O’Keeffe’s Black Iris VI

OKeeffe_Black Iris VI

Georgia O’Keeffe, Black Iris VI, 1936. Oil on canvas, 36 x 24 in. Paul G. Allen Family Collection. © 2015 Georgia O’Keeffe Museum / Artists Rights Society (ARS), New York

When we think of landscapes, we often think of sweeping scenes of open fields or sun-drenched canyons. But Georgia O’Keeffe’s Black Iris VI, like many other works on view in Seeing Nature: Landscape Masterworks from the Paul G. Allen Family Collection, approaches nature from a different point of view. This work zooms squarely in on the center of a single open flower.

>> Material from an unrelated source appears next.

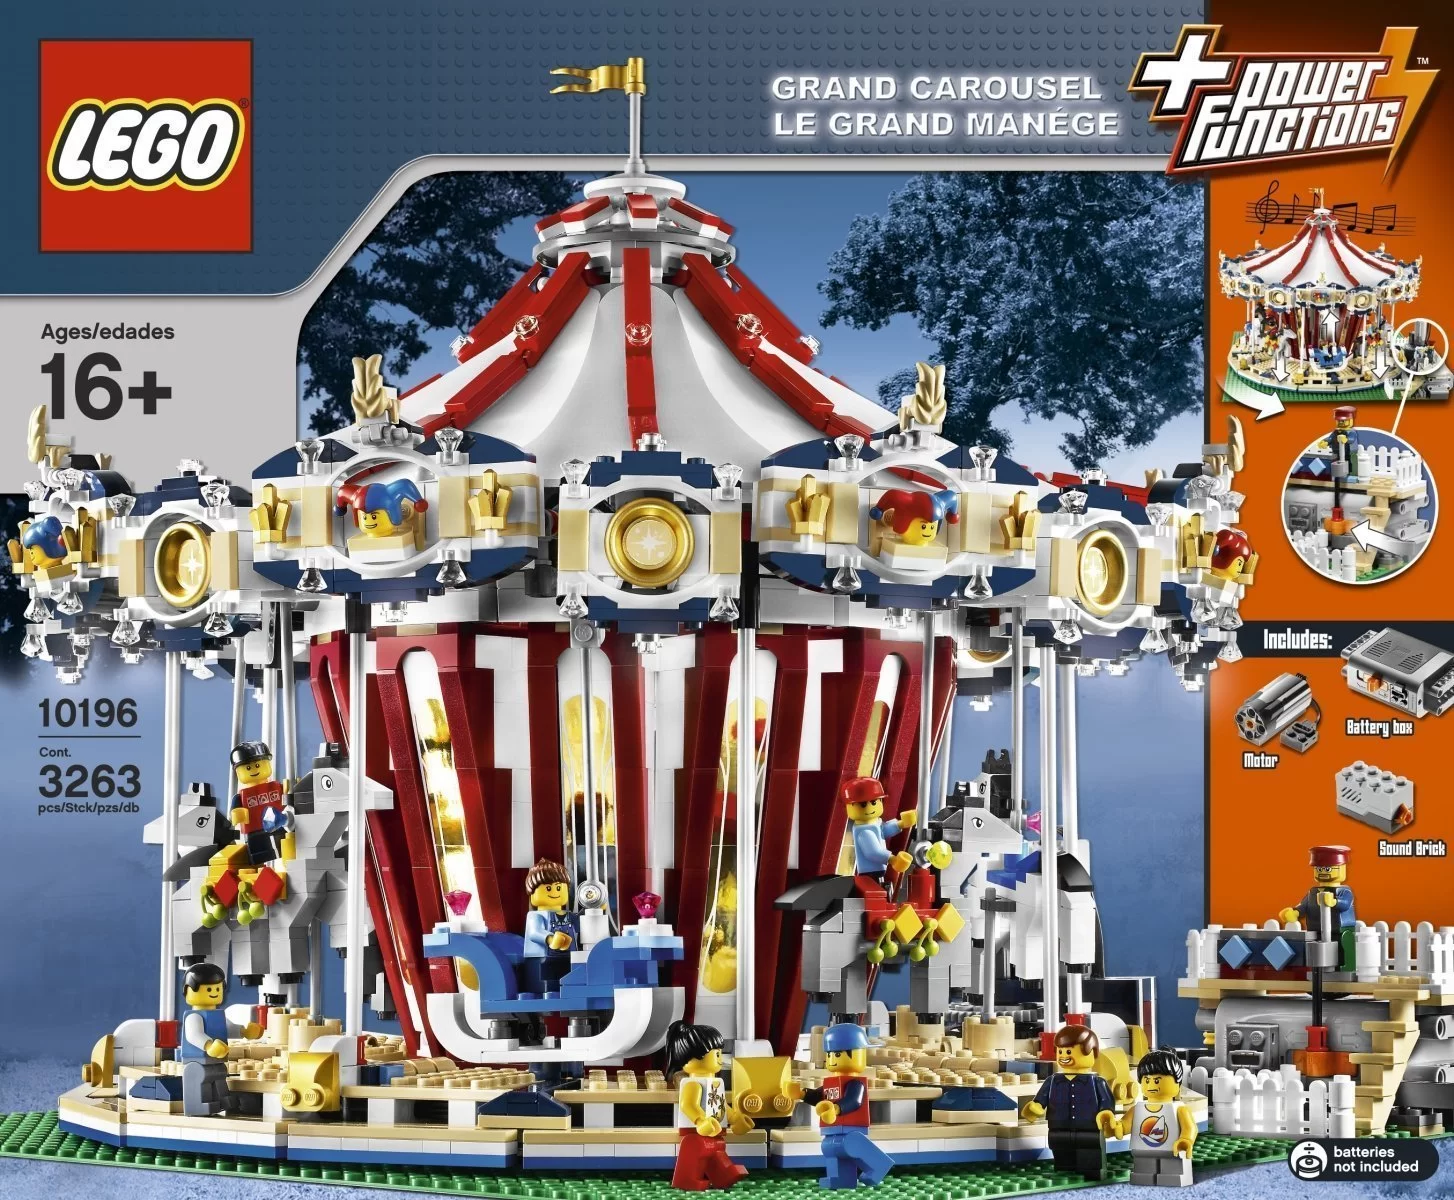  Lego Grand Carousel

In the summer of 1936, O’Keeffe was back in her beloved New Mexico, feeling a resurgence of spirit and enjoying her first sustained painting since suffering a nervous breakdown three years earlier. It is a mystery just why the iris appeared among the subjects she painted at Ghost Ranch, outside Santa Fe, though the sculptural petals of this elongated blossom are not unlike the bleached bones she collected. The flower’s black center even appears like the eye sockets of a cow’s skull. Like the skull, the iris has a spiritual presence and is a vessel holding the secret of life and the mystery of death.